Menaces et agressions envers les artistes
Pour les islamistes, dont certains viennent de décréter que le président était « Emir des
croyants », les attaques contre Mohamed Morsi sont tout simplement un
« blasphème » méritant la peine prévue par la charia : la flagellation.

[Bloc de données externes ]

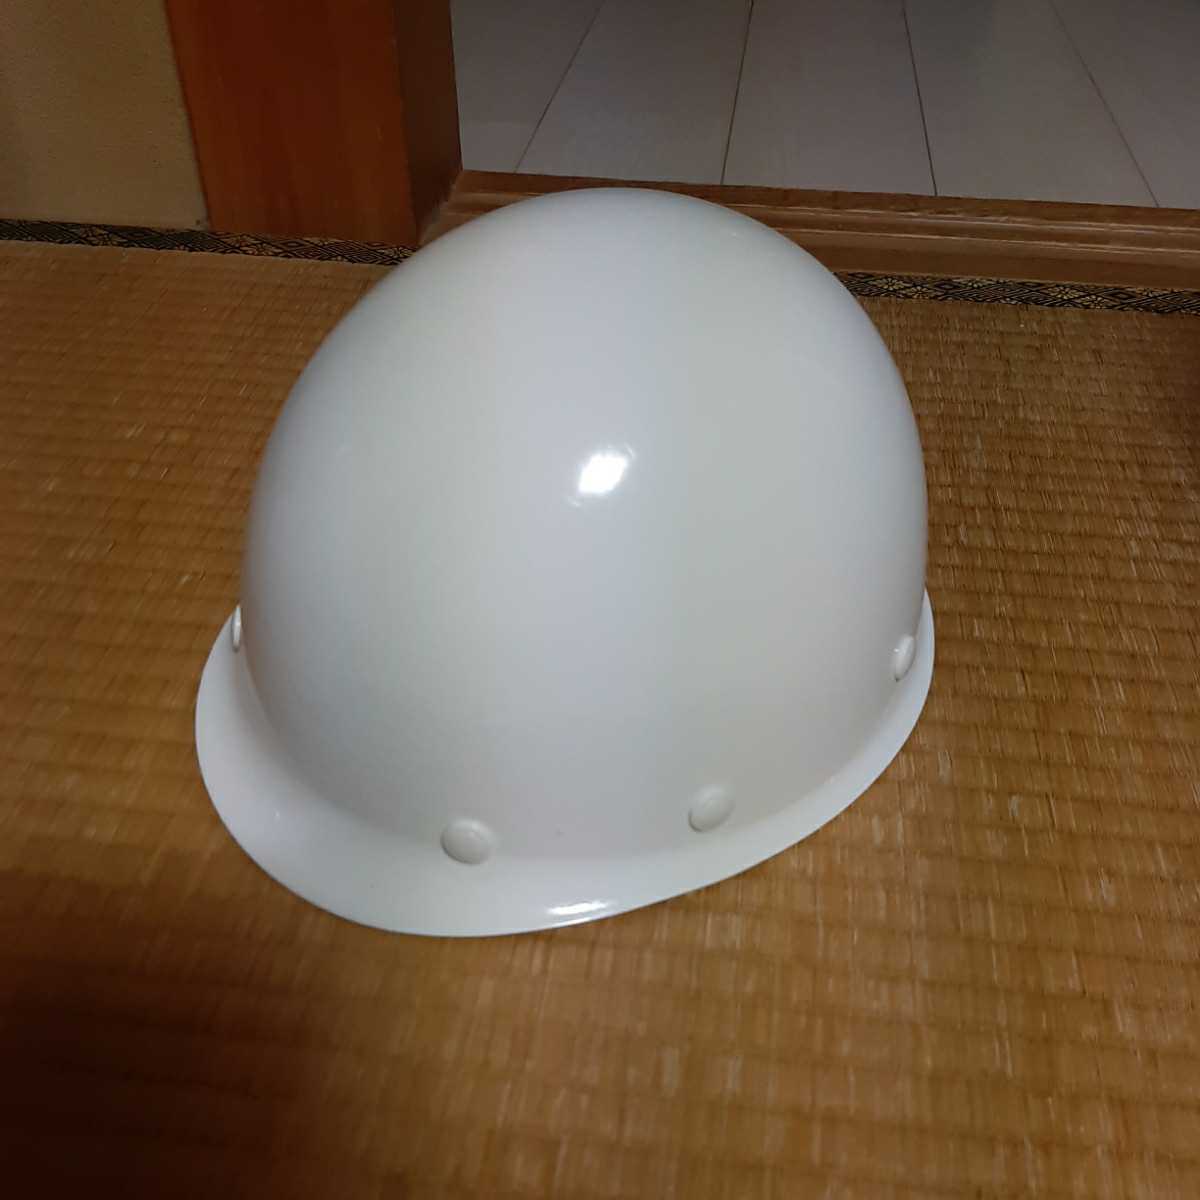  новый товар не использовался шлем зеленый электро- машина безопасность защита защита шапочка Work man работа

Mais les
islamistes n’ont pas attendu le sarcasme de Bassem Youssef pour s’en prendre à « l’art
dénué de morale » qui « véhicule des valeurs contraires à l’islam ». Beaucoup de
candidats Ikhwan ou salafistes en avaient fait un thème de campagne aux législatives
de 2011-2012.
Un exemple parmi tant d’autres, le Prix Nobel égyptien de littérature, Naguib
Mahfouz, a été taxé de « mécréant dont les livres font la promotion de l’homosexualité
et de l’athéisme ». Le groupe musical Eskendrella qui avait animé les longues nuits de
la Place Tahrir durant le soulèvement contre Moubarak a été agressé par des islamistes
pour avoir continué à chanter la révolution après l’arrivée des Ikhwan au pouvoir.

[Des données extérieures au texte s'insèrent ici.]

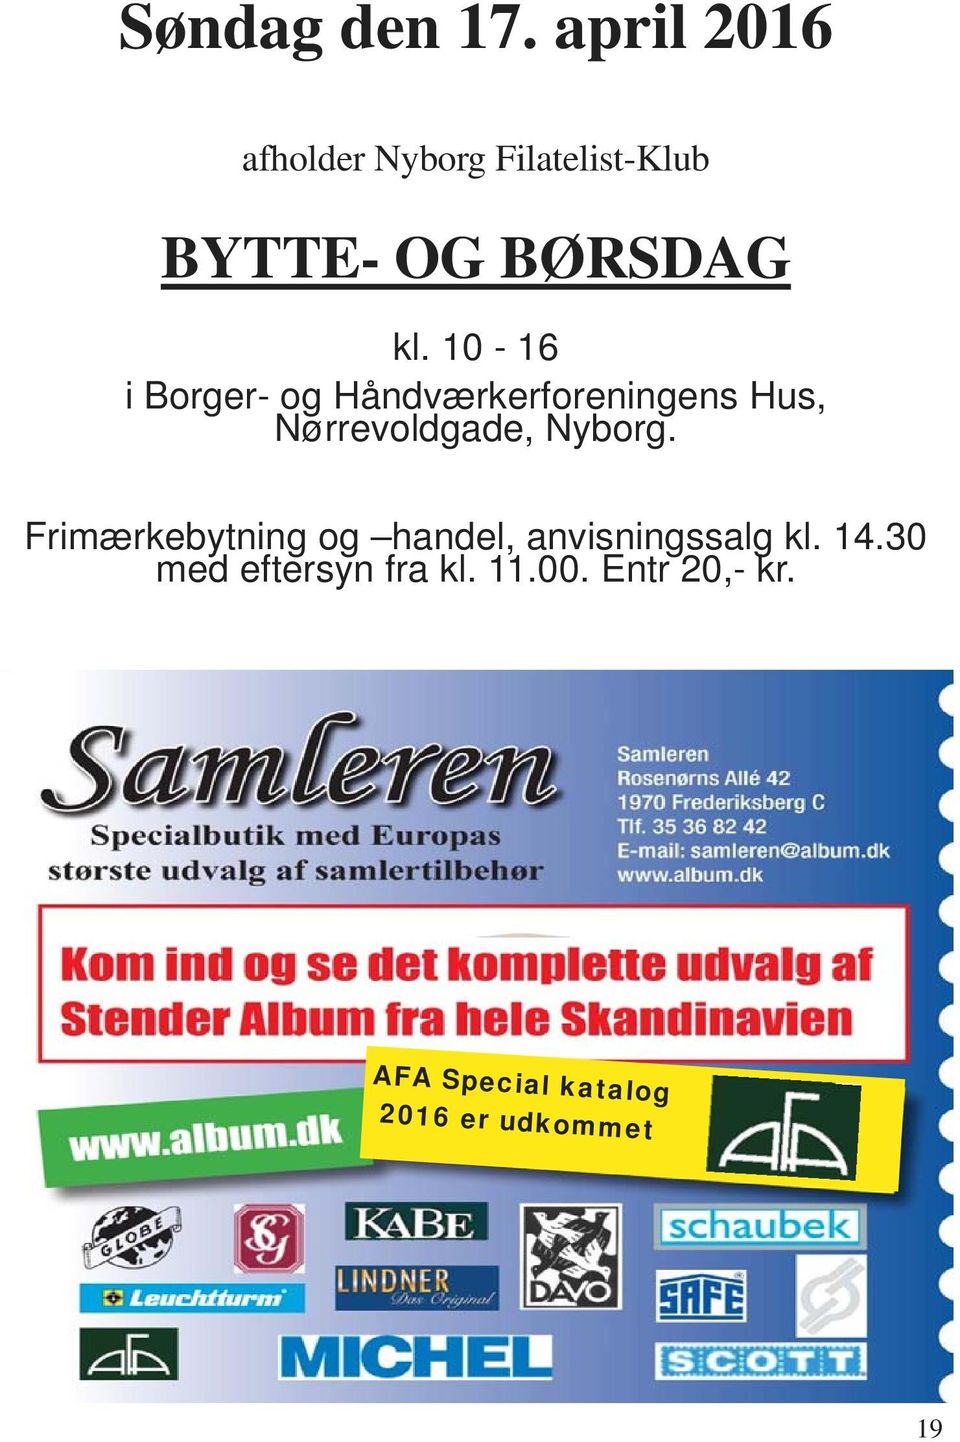 10-16 i Borger- og Håndværkerforeningens Hus, Nørrevoldgade, Nyborg.

Le président Morsi a bien tenté l’approche « dialogue » qu’il affectionne en se
réunissant en septembre avec des artistes au risque de se faire critiquer par des cheikhs
salafistes. Comme avec les hommes politiques de l’opposition, le Rs les a entendus
mais n’a tenu aucun compte de leurs revendications.

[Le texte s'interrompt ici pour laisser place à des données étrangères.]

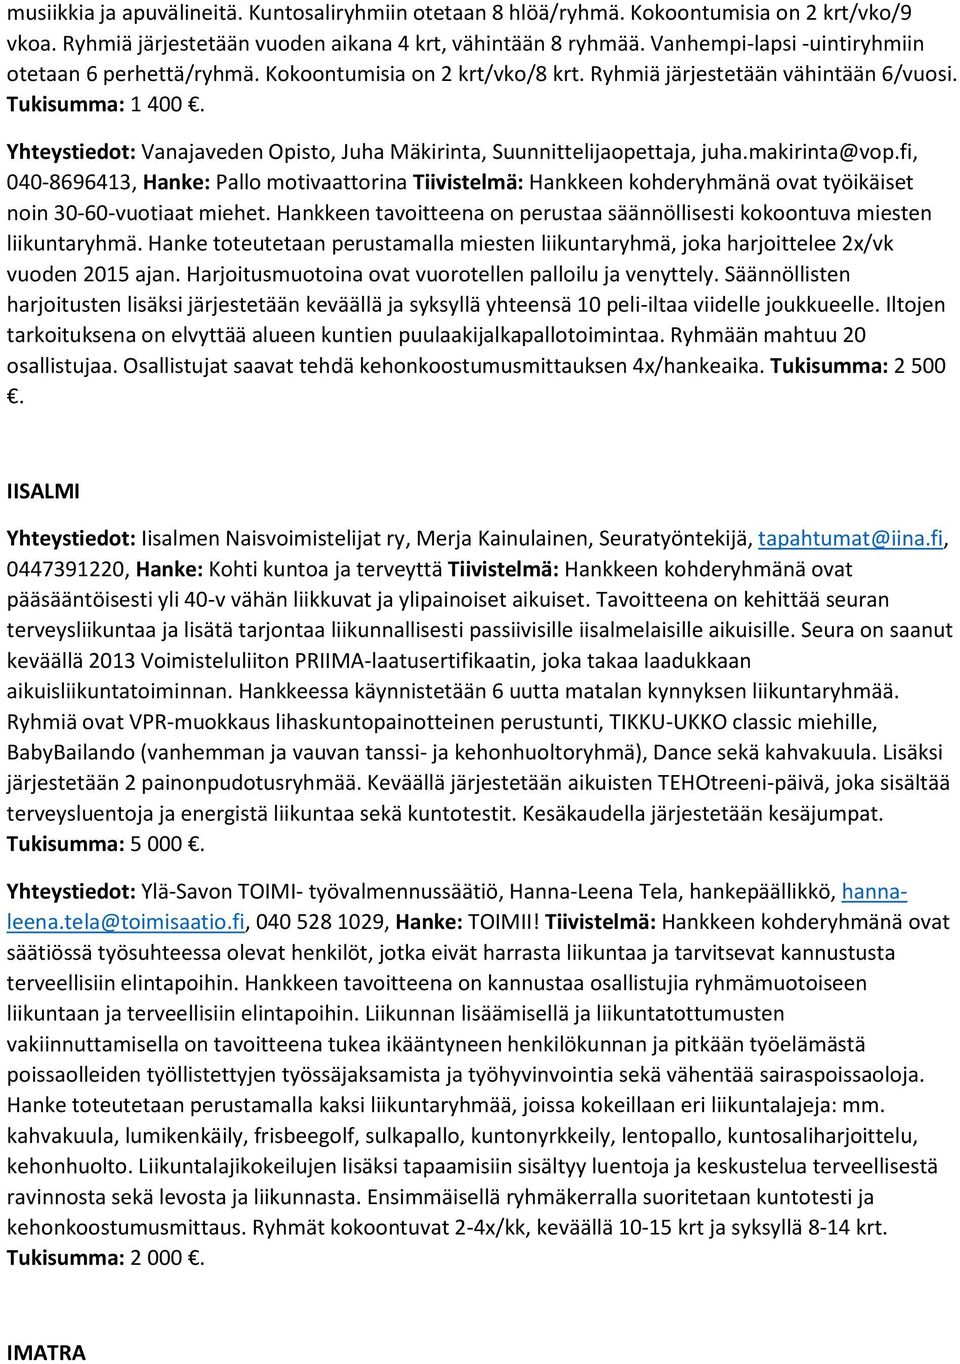 Yhteystiedot: Vanajaveden Opisto, Juha Mäkirinta, Suunnittelijaopettaja, juha.makirinta@vop.

Dès qu’ils en ont l’occasion, les islamistes et le gouvernement effacent les graffitis,
cette invention remontant aux Pharaons, pour parfois les remplacer par des versets du
Coran. Les cheikhs de nombreuses mosquées vouent les artistes aux gémonies dans
leur prêche du vendredi. Les artistes et les journalistes sont poursuivis en justice par
des avocats Ikhwan quand ce n’est pas par la présidence elle-même.
Pour l’instant, seuls des blogueurs relativement inconnus ont été condamnés à des
peines de prison. Mais l’épée de Damoclès reste suspendue sur la tête de tous les
partisans de la liberté d’expression et de création. Une épée qui pourrait commencer à
décapiter si les islamistes remportent les élections législatives prévues dans deux mois.
Rien n’empêchera alors un Parlement dominé par les islamistes et doté d’une
Constitution sur mesure, de forger un arsenal législatif répressif. Pour les artistes et
autres créateurs, c’était une raison de plus pour descendre dans la rue et manifester
contre les islamistes ce 25 janvier.